TASK TO COMPLETE:
Copy out exactly the lines spanning the line with "KLCC Park, Petronas" to the line with "Salon de jardin avec fauteuil d", inclusive, from the data underneath, with no pictures.
[DATA PROVIDED — start]
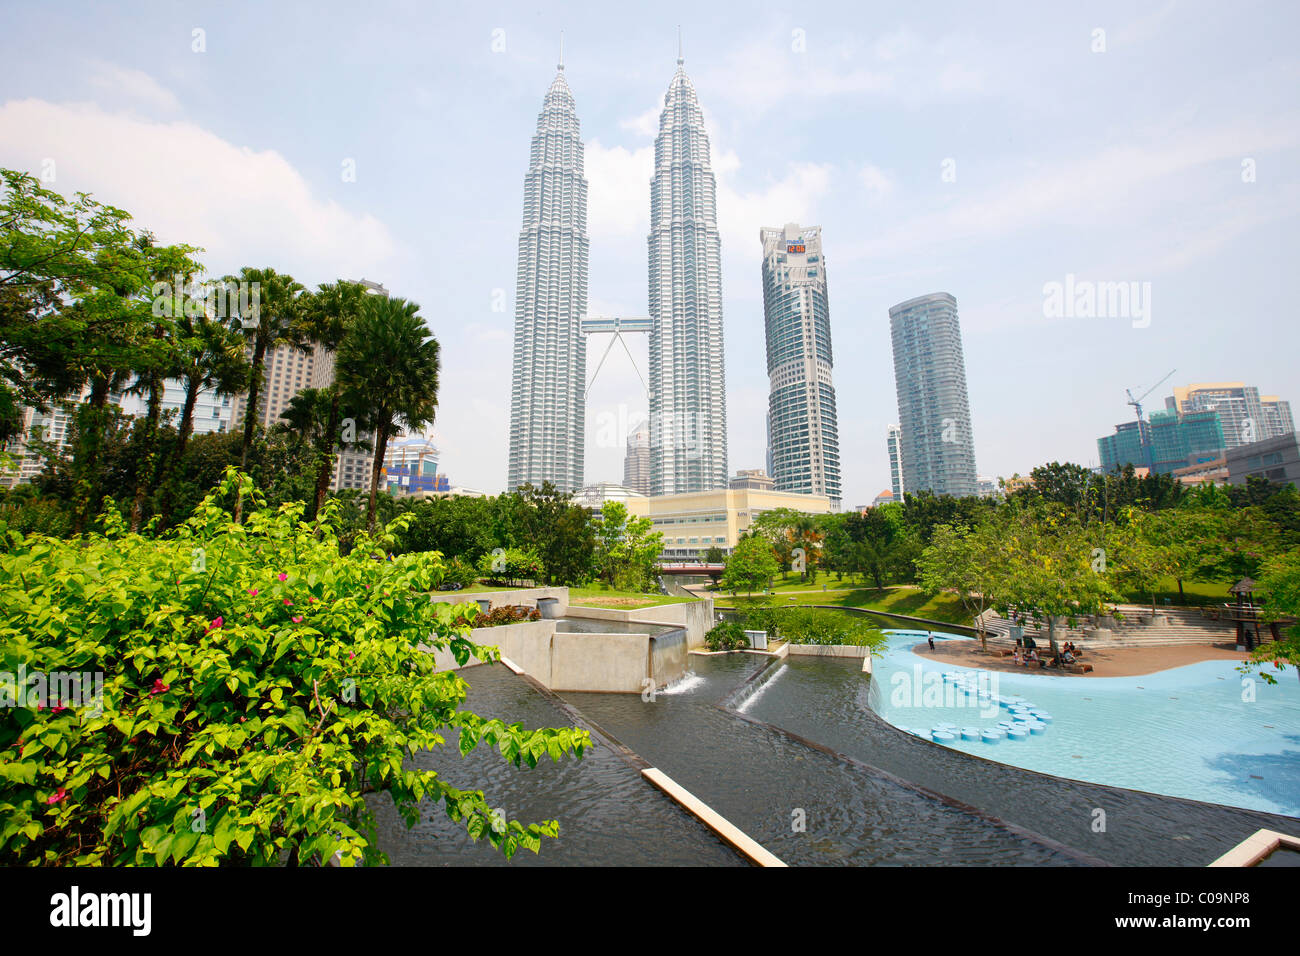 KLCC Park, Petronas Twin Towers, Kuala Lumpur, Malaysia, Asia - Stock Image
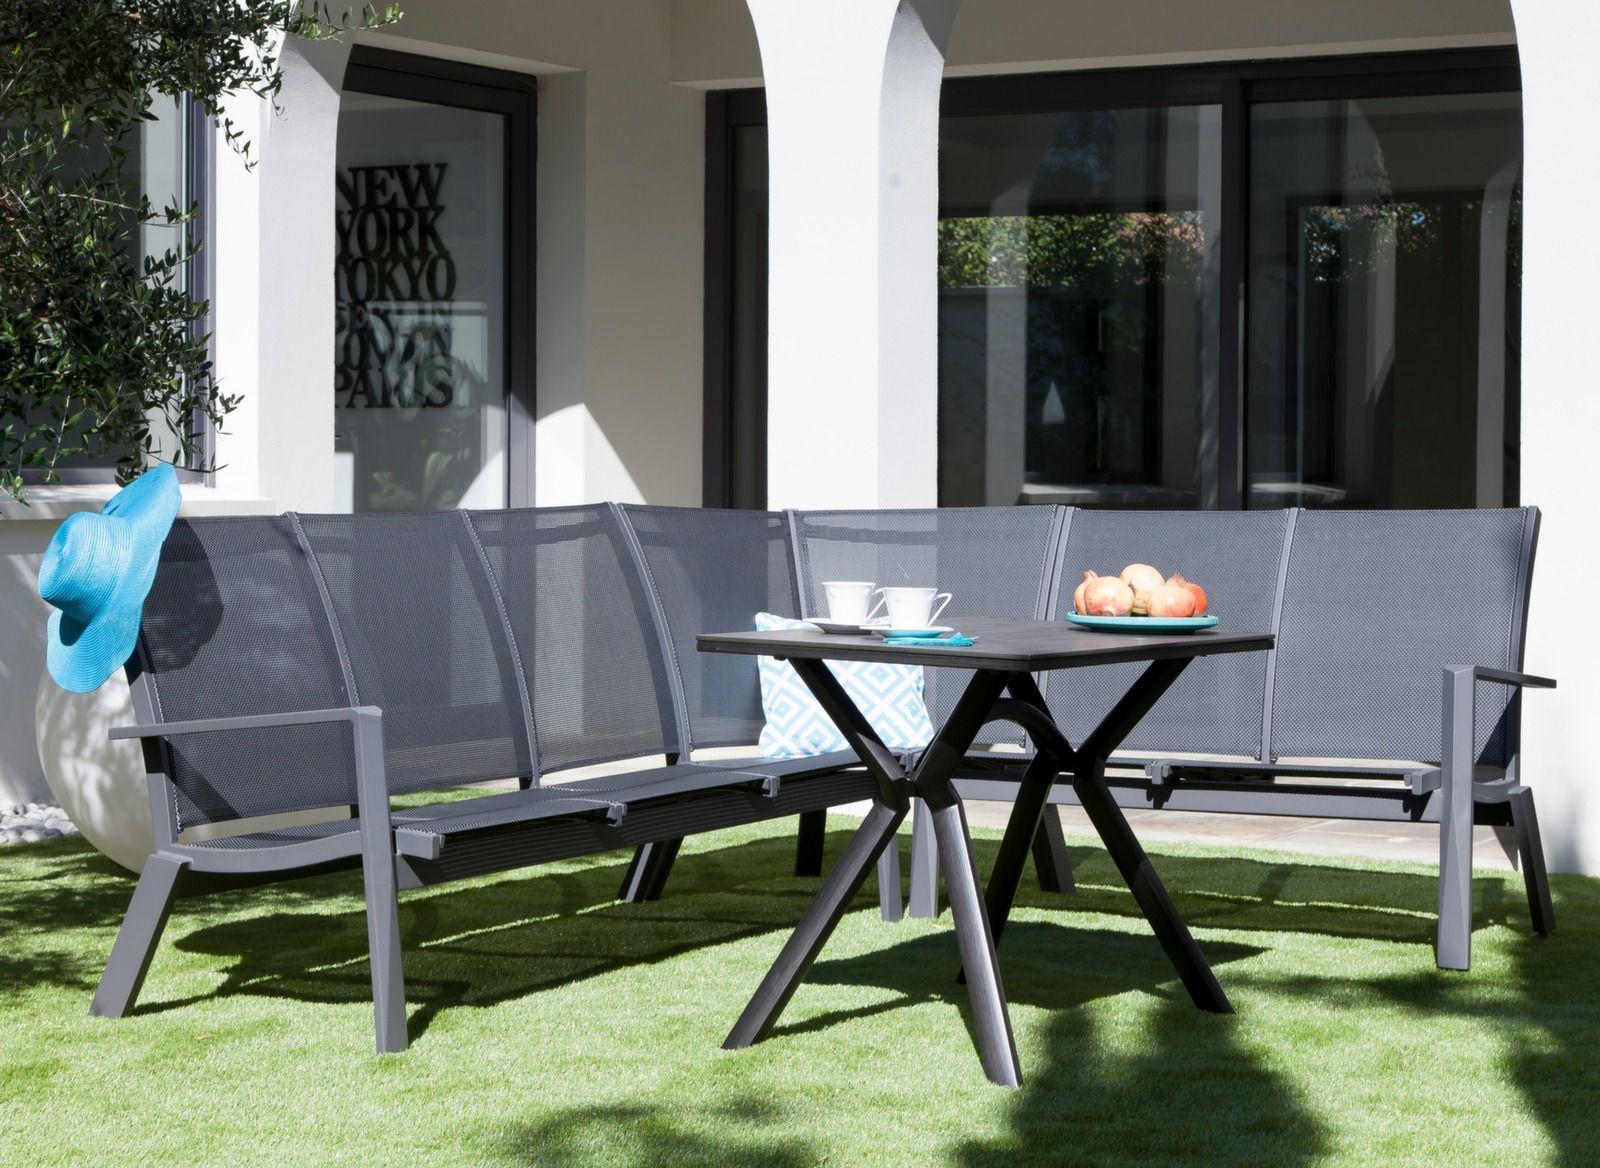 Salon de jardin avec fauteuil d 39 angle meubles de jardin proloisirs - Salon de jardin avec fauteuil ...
[DATA PROVIDED — finish]
[DATA PROVIDED — start]
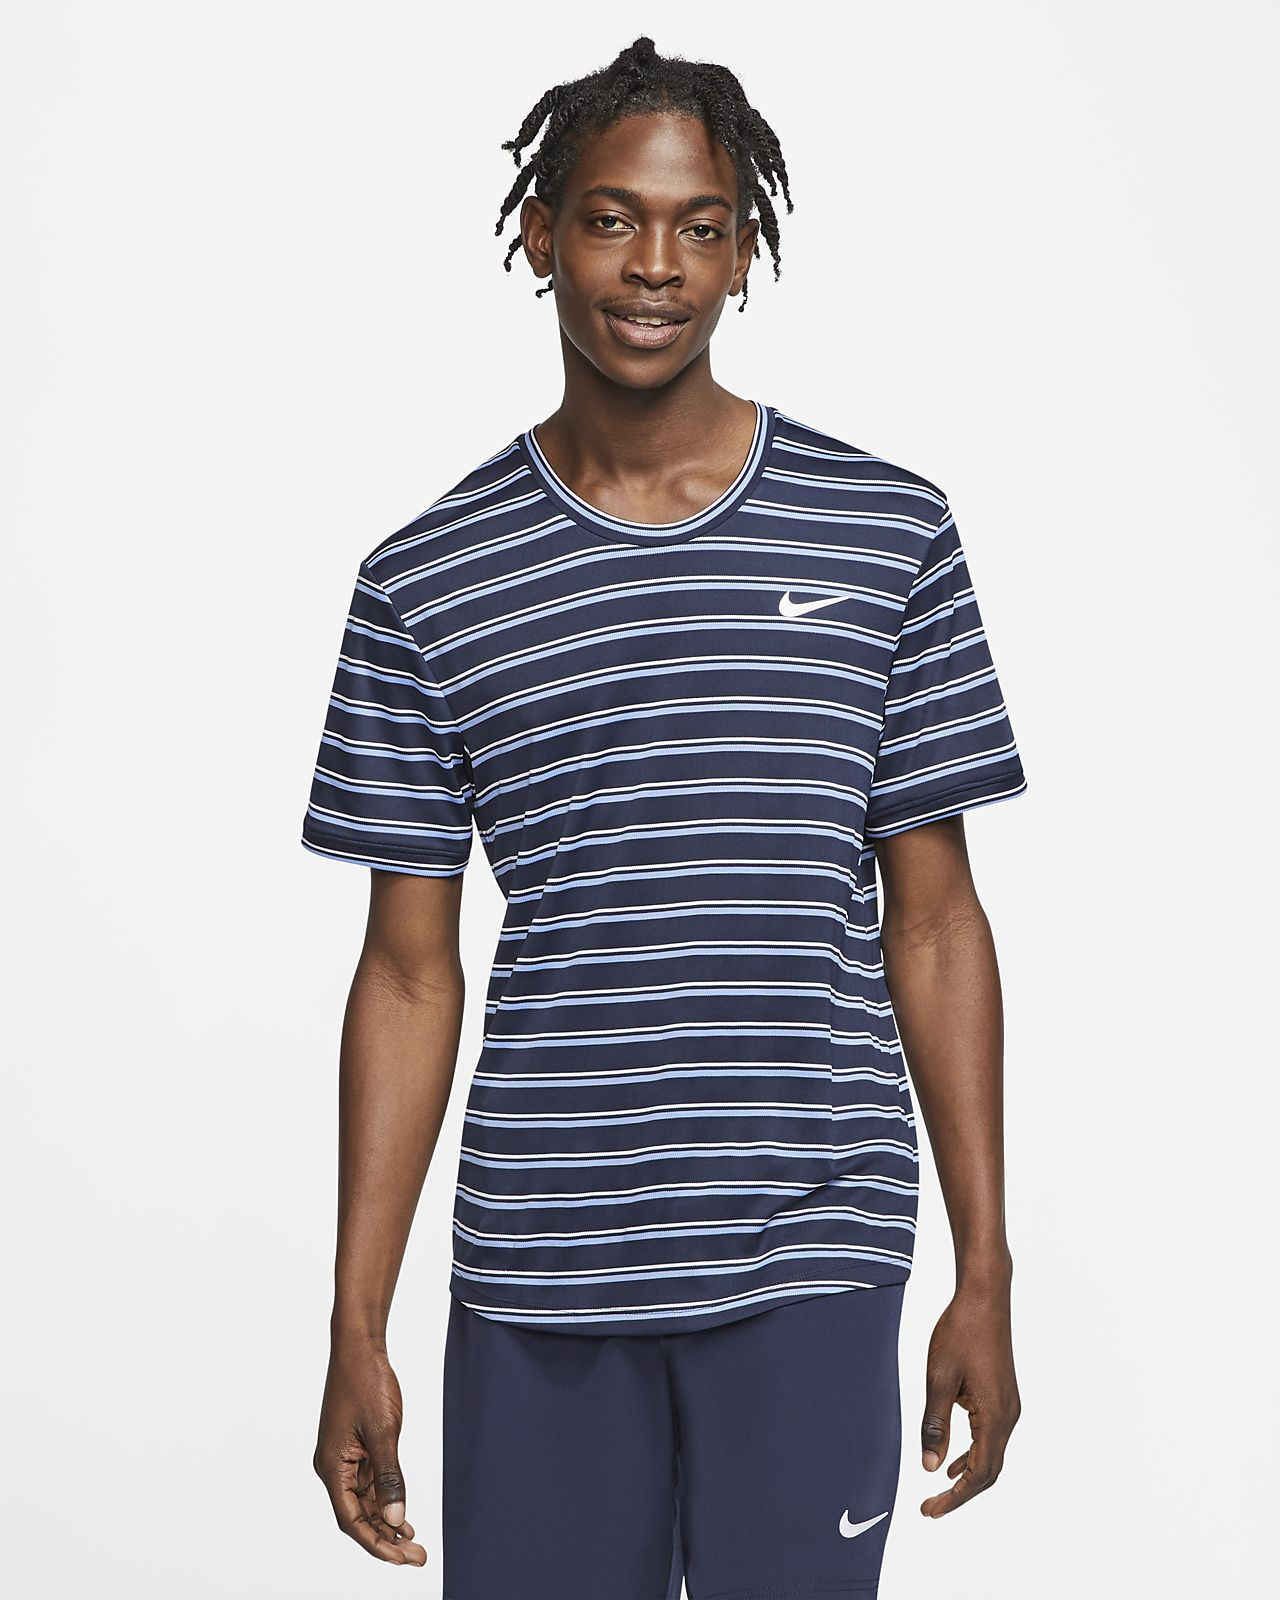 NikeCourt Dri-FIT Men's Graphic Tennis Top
[DATA PROVIDED — finish]
ANSWER FOR THE TASK:
 KLCC Park, Petronas Twin Towers, Kuala Lumpur, Malaysia, Asia - Stock Image
 Salon de jardin avec fauteuil d 39 angle meubles de jardin proloisirs - Salon de jardin avec fauteuil ...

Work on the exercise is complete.